Source material:
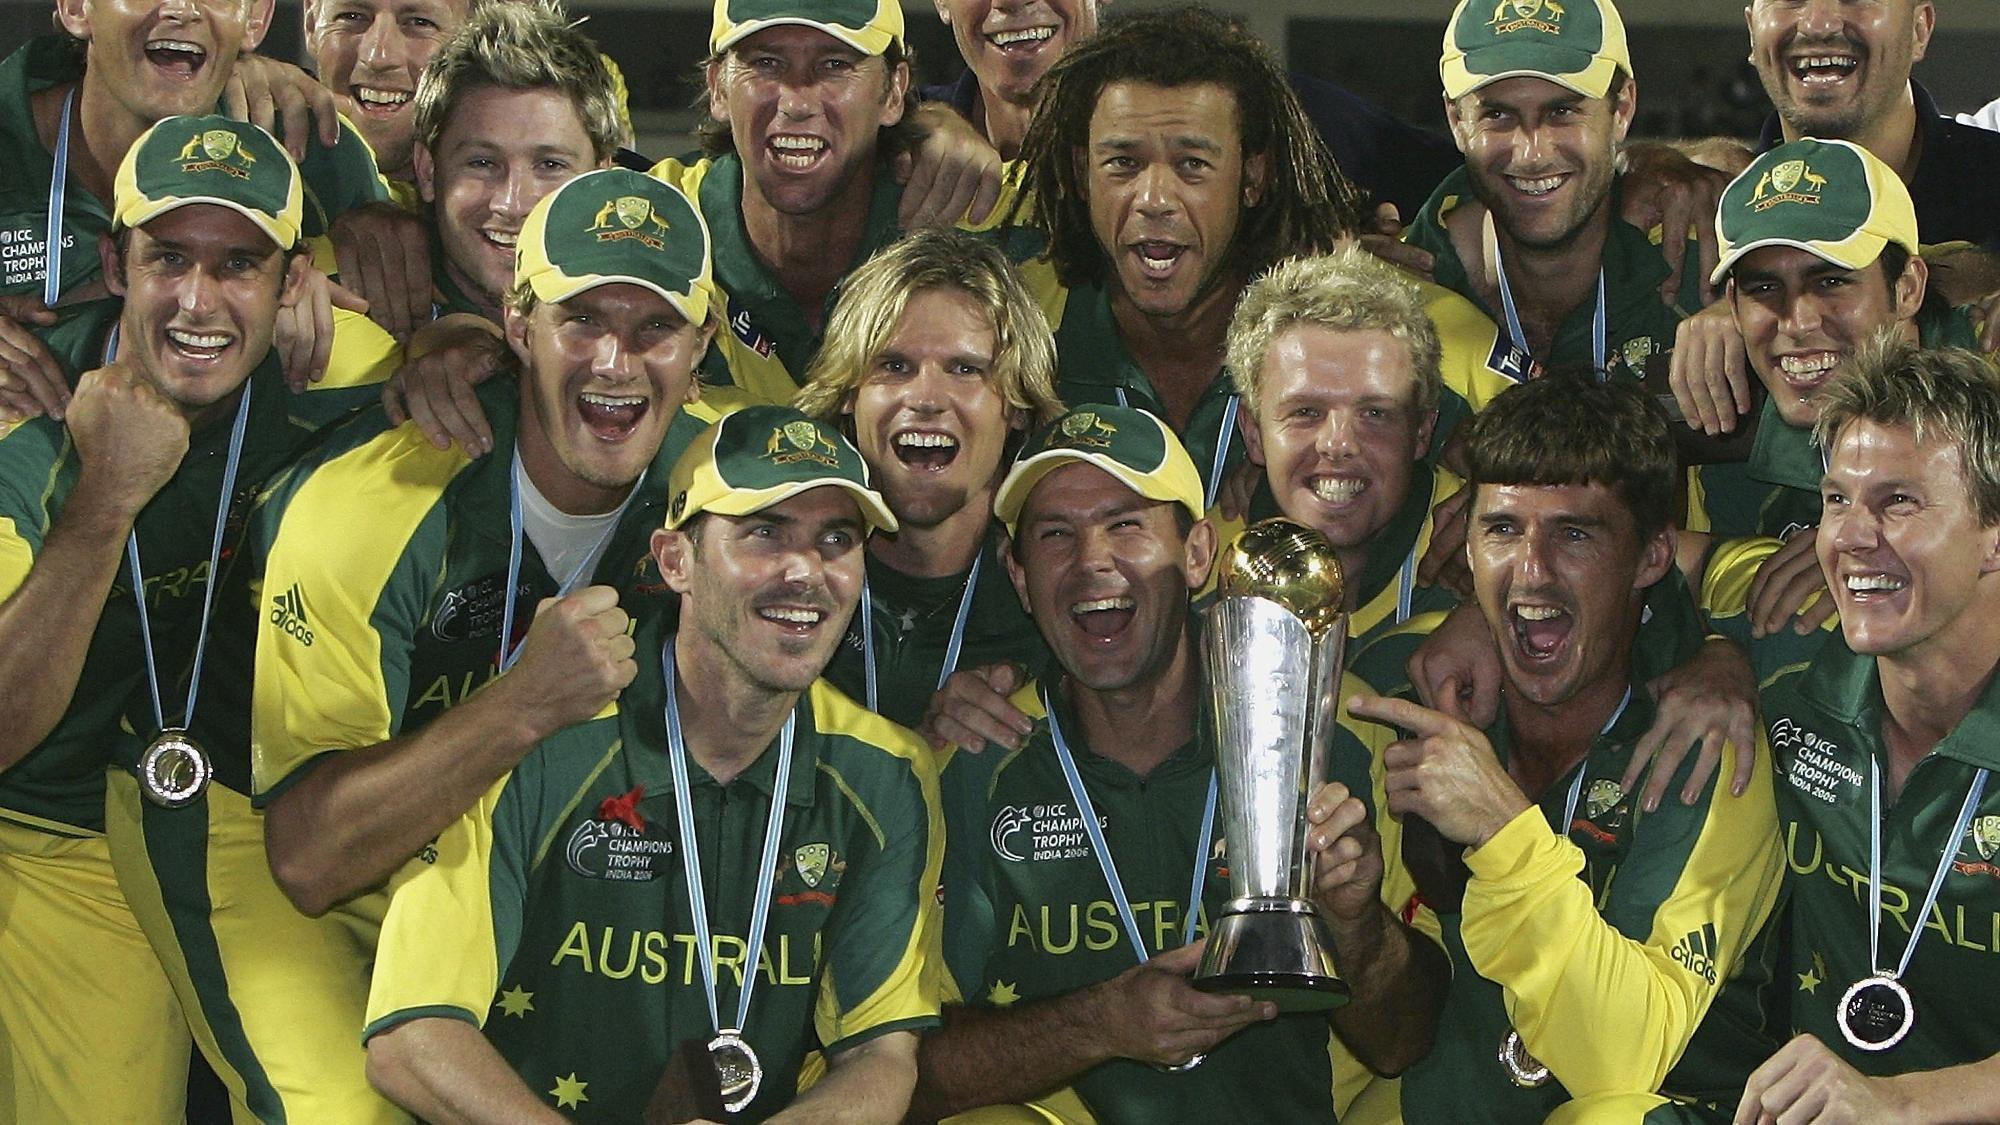 icc-champions-trophy-winners-marathipizza05
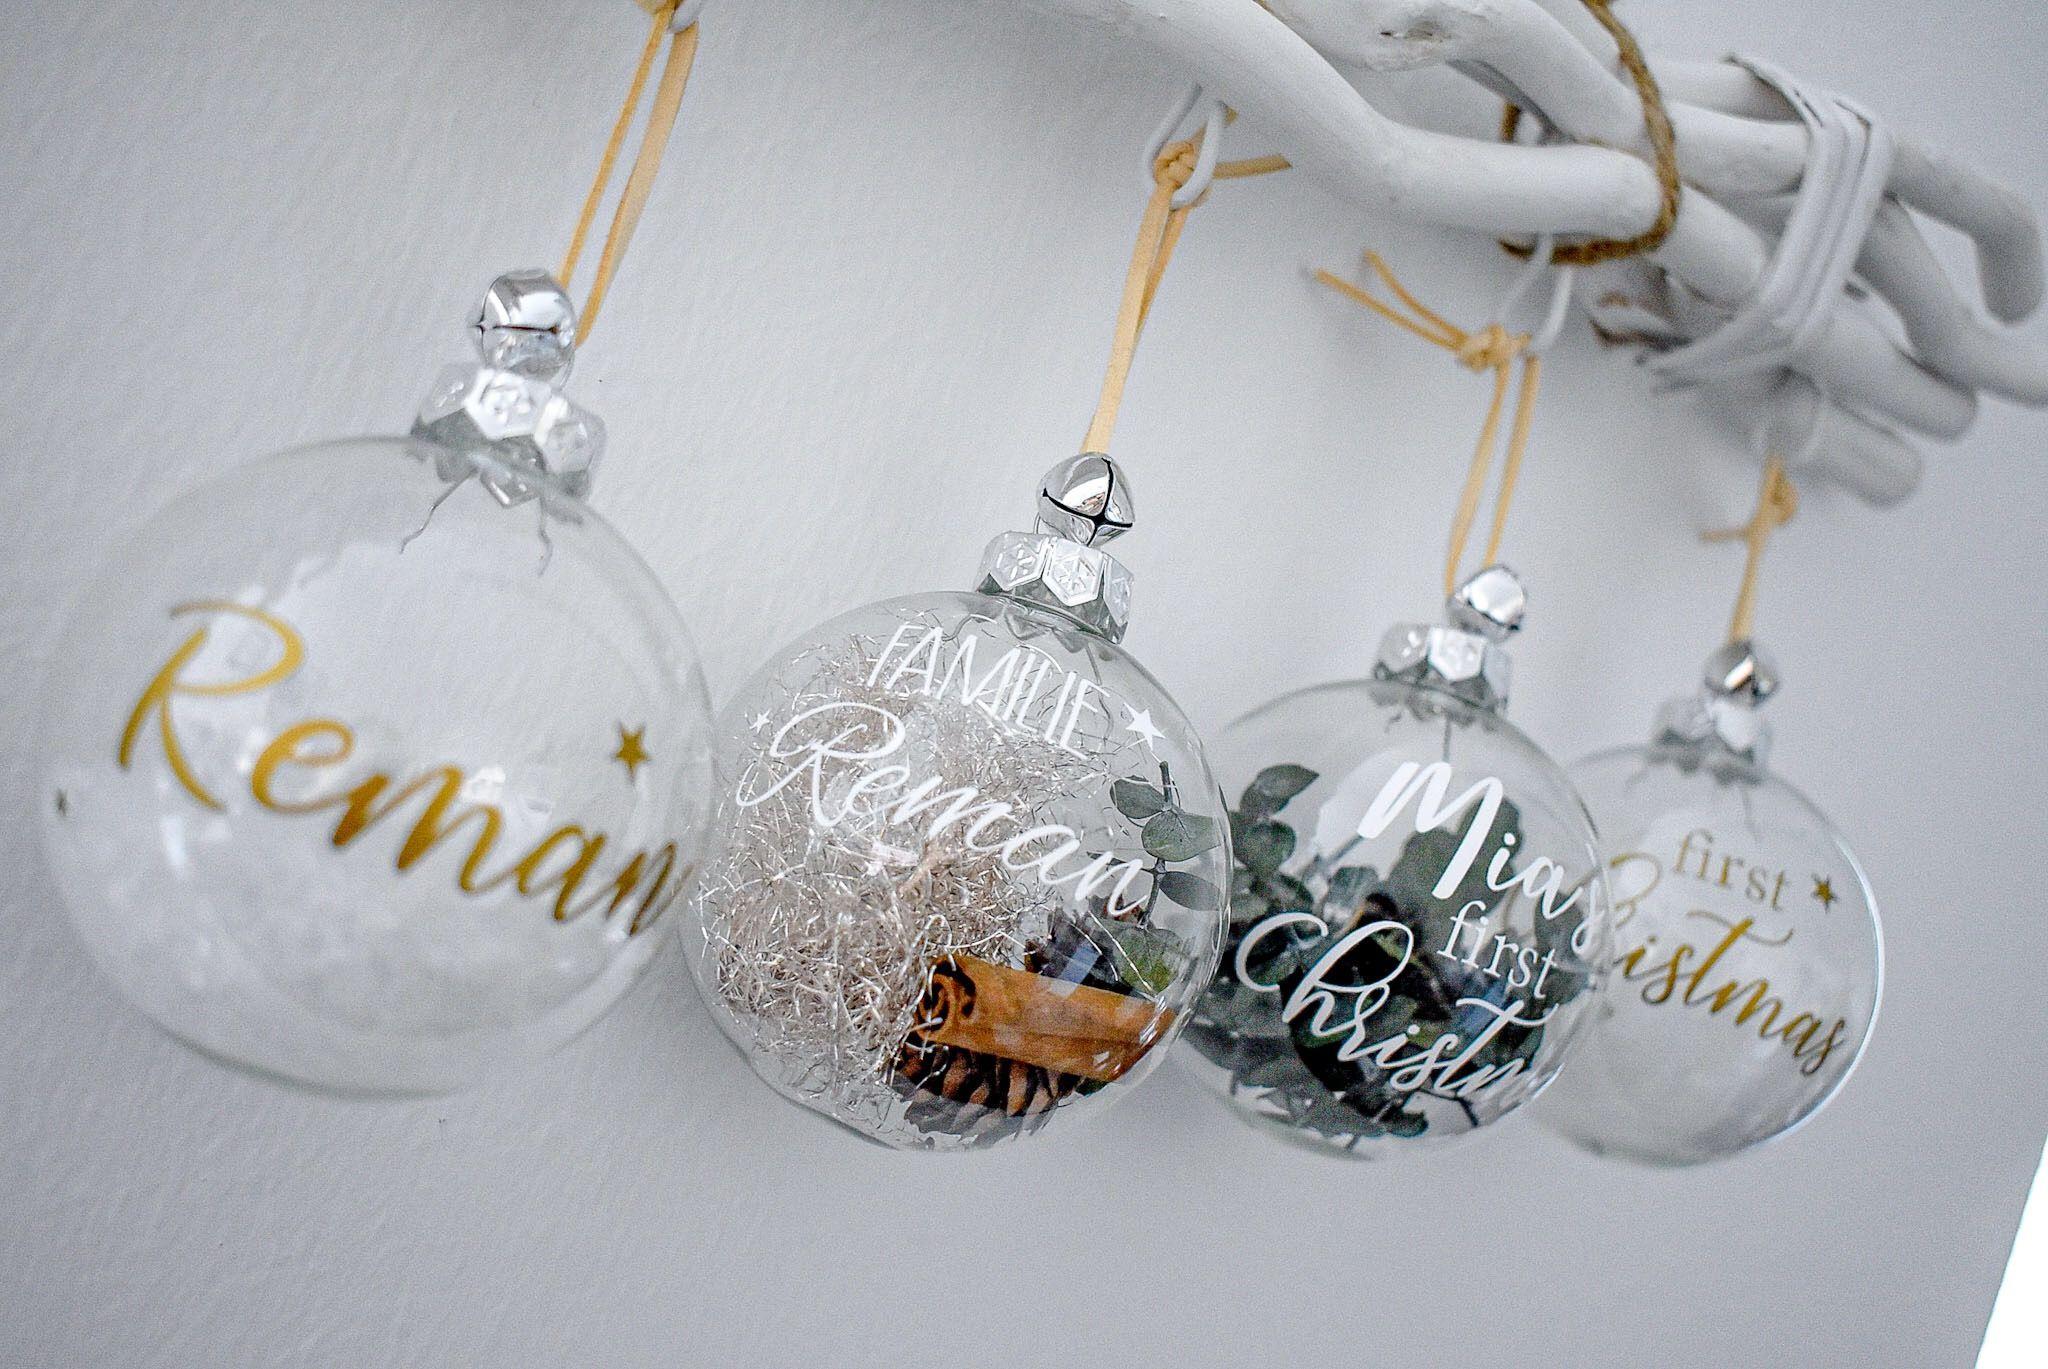 Personalisierte Christbaumkugeln  #weihnachtsdekoimglasmitkugeln
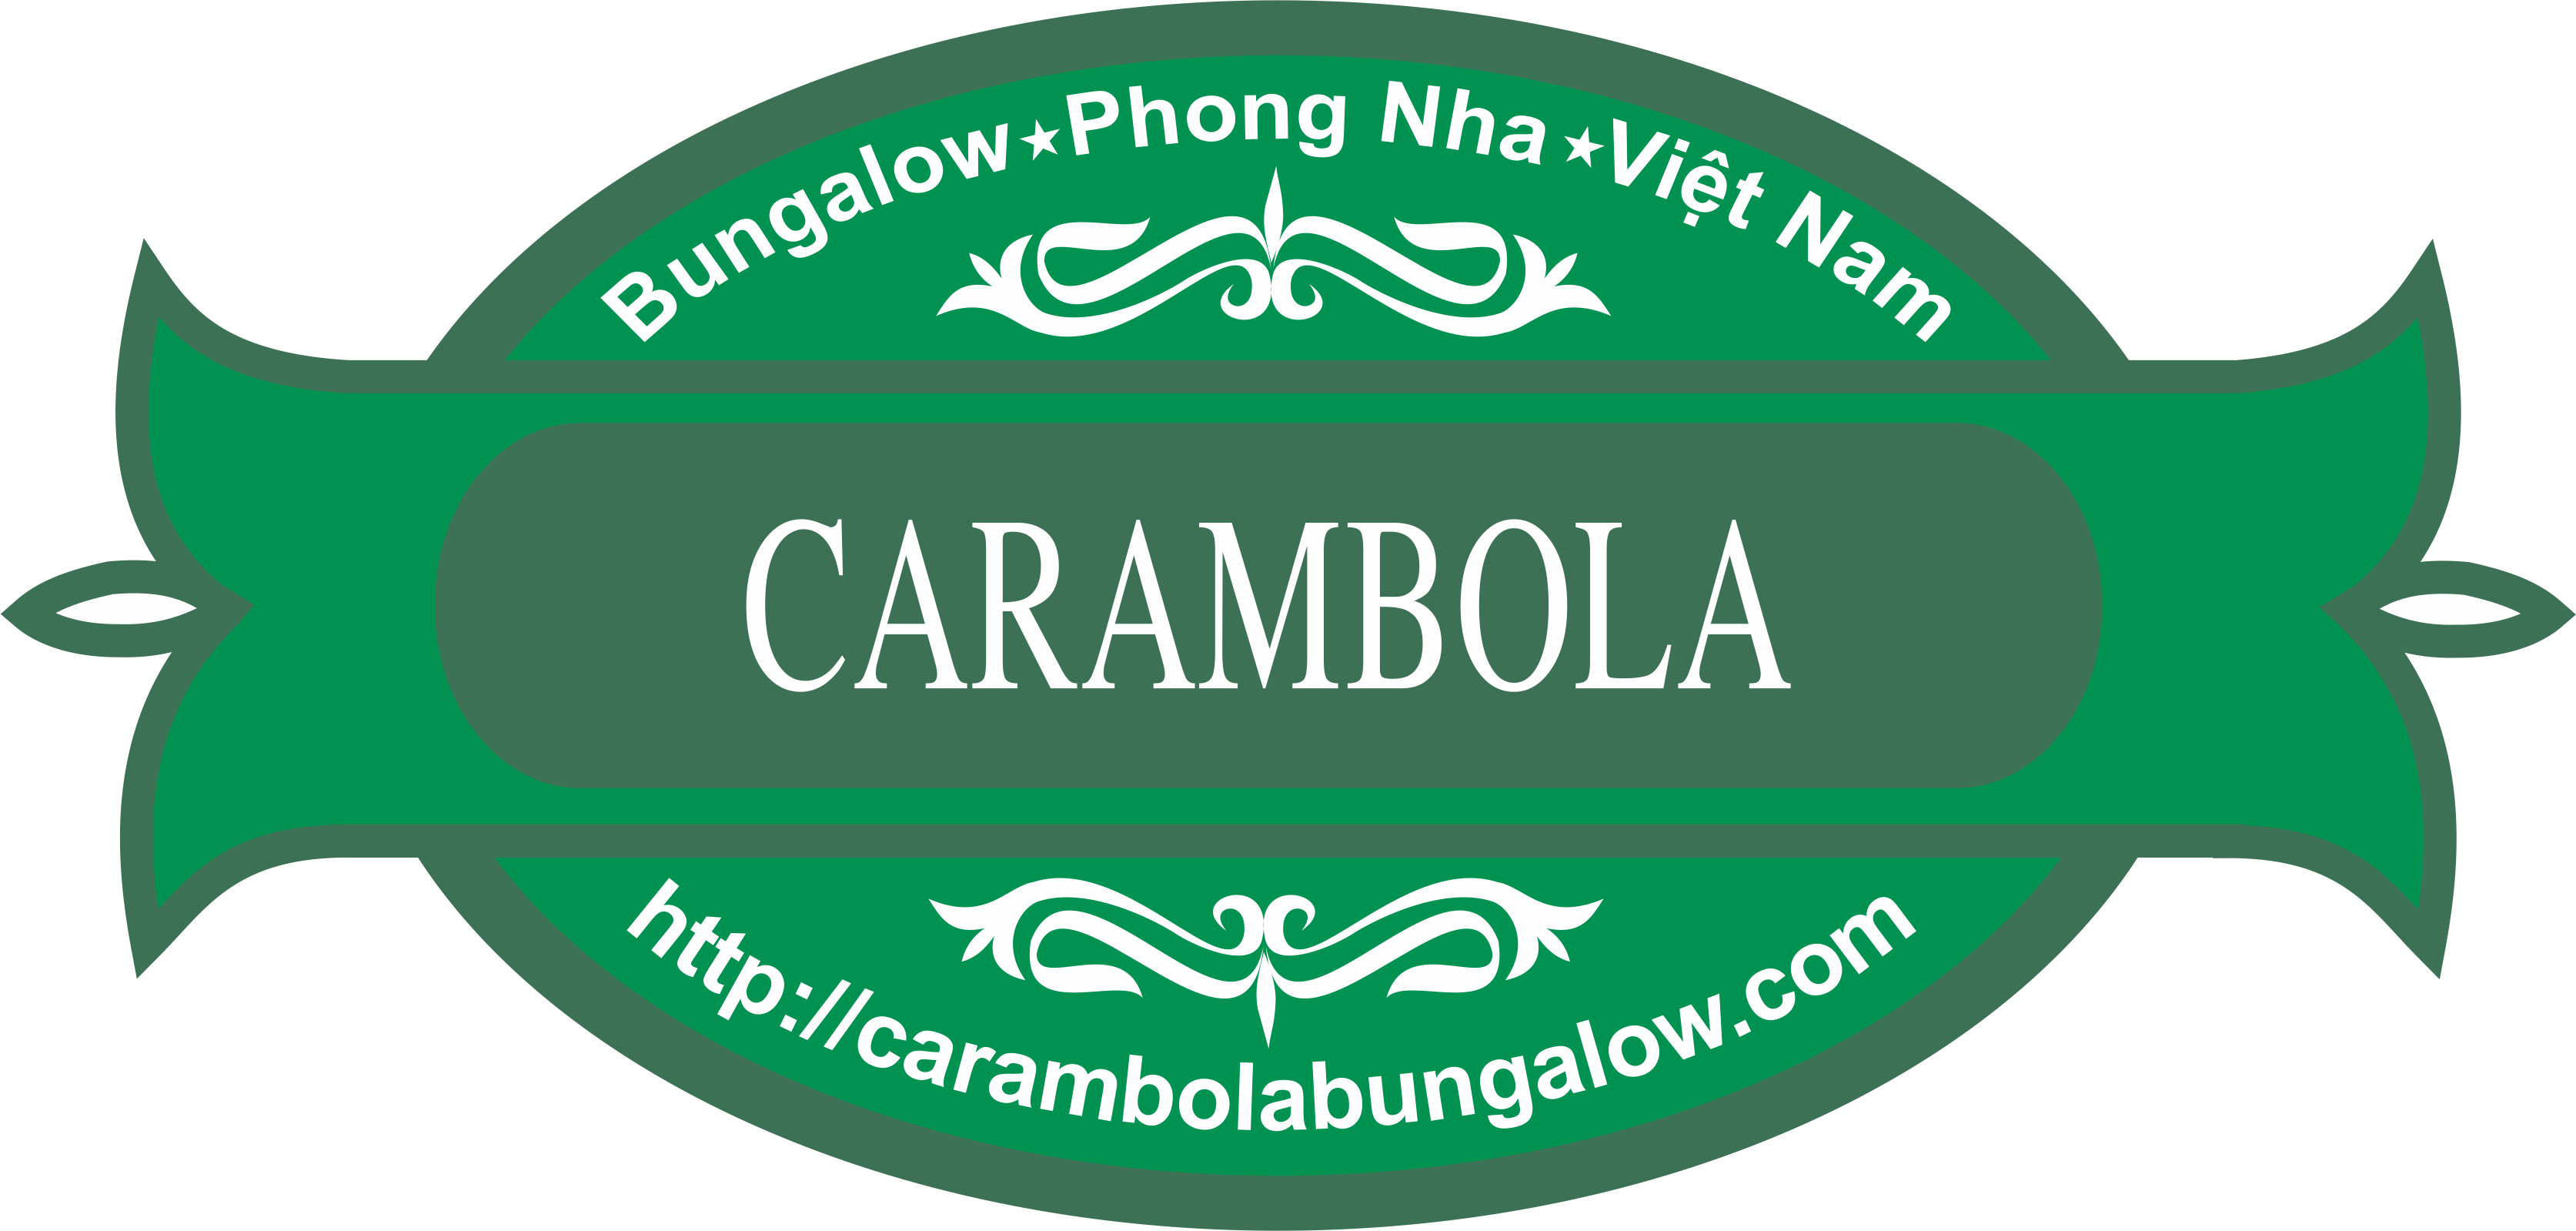 Carambola Bungalow

Aim of the exercise: Leaving the pictures aside, transcribe the entire listing exactly.

Result:
 icc-champions-trophy-winners-marathipizza05
 Personalisierte Christbaumkugeln  #weihnachtsdekoimglasmitkugeln
 Carambola Bungalow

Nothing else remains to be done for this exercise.